Not sure where this stock will go now. Might be worth checking the ann though. I dare say the punters who picked this up at the top will have singed their fingers slightly, for now.


----------



## SevenFX (10 January 2007)

*Re: GOA - Gold Aura*

Kennas you can be the only one hogging this thread, so thought I'll join you.   

This suckers moving fast...so hold on..


----------



## SevenFX (10 January 2007)

*Re: GOA - Gold Aura*



			
				kennas said:
			
		

> Well that was interesting. Opened up 110% and is now being sold down.
> 
> Not sure where this stock will go now. Might be worth checking the ann though.
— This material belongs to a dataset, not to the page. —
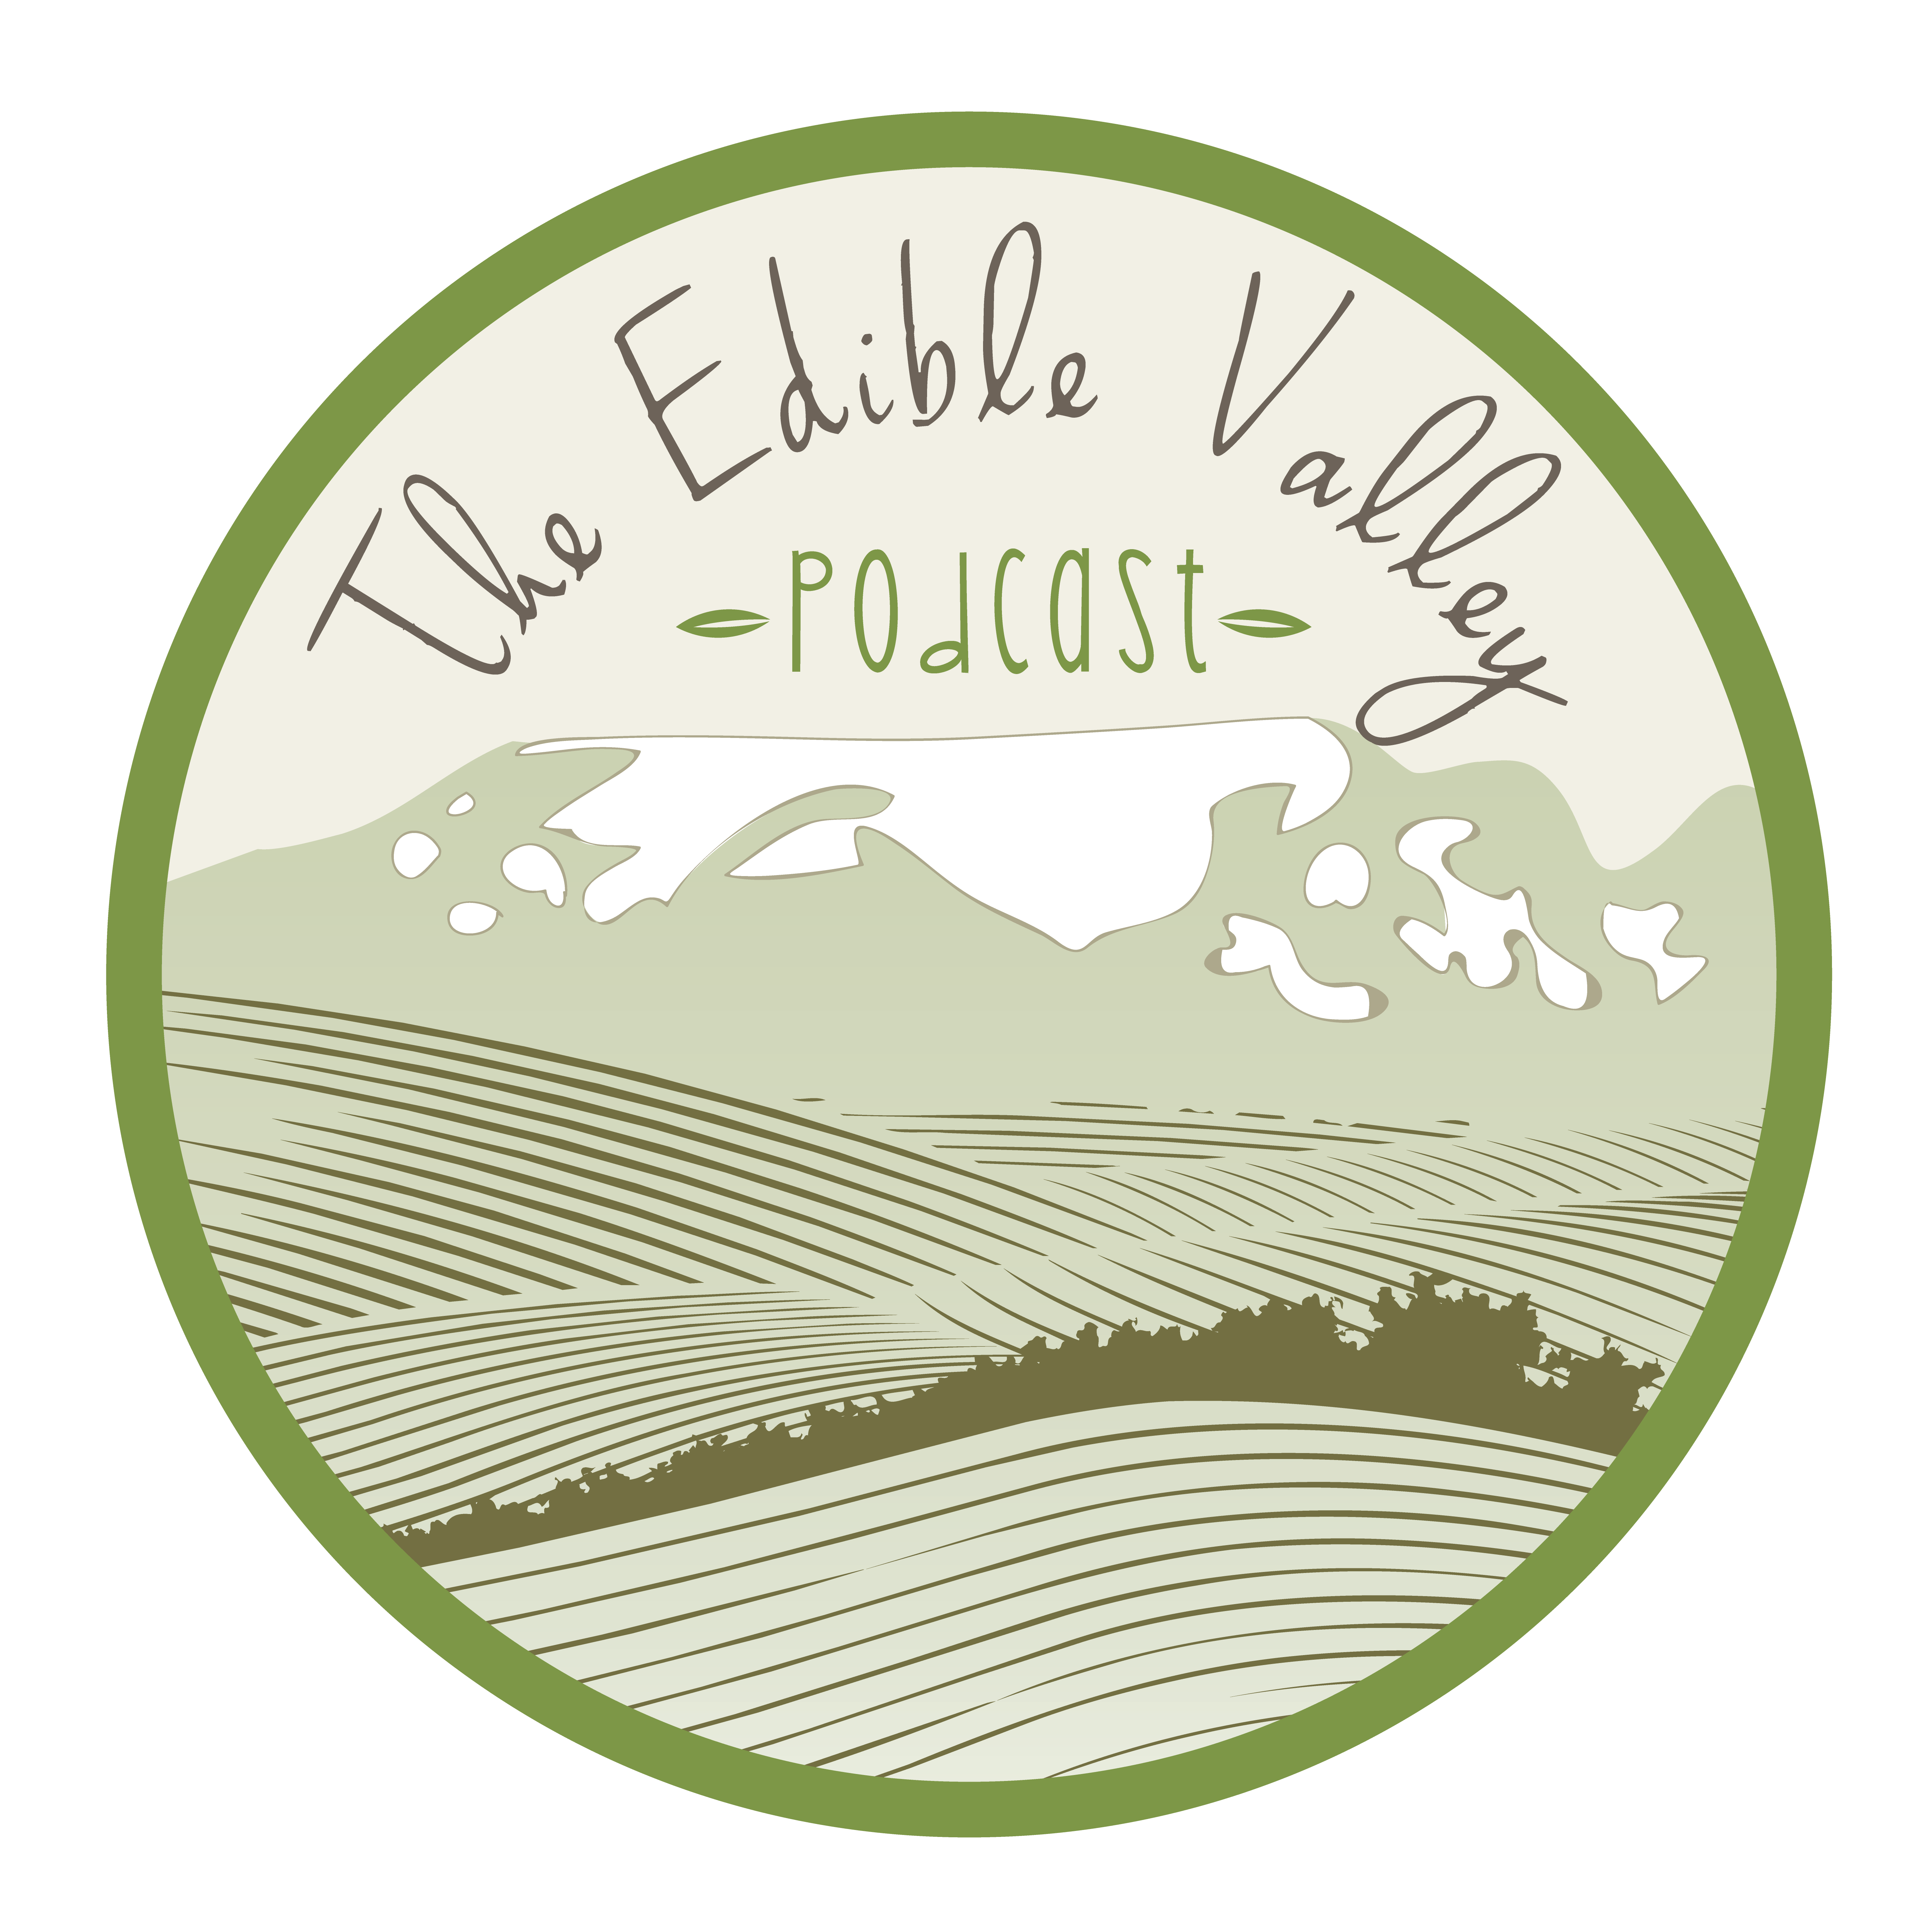 Edible Valley presents Food Facts with Darren Howlett

I dare say the punters who picked this up at the top will have singed their fingers slightly, for now.




K.

You may like to check out USA on first day of oversubscribed which listed at 20, opened at 30, and headed down 4 .22c b4 closing at 24c.

Not on ann news, but same pattern b4 open.

EDIT: Look at USA Now in few short months.


----------



## SevenFX (10 January 2007)

*Re: GOA - Gold Aura*

My Turn K.

Buyers want to bring it below 15c to 14.5 (expect small selloff there) which is low of day (so far) hence standoff.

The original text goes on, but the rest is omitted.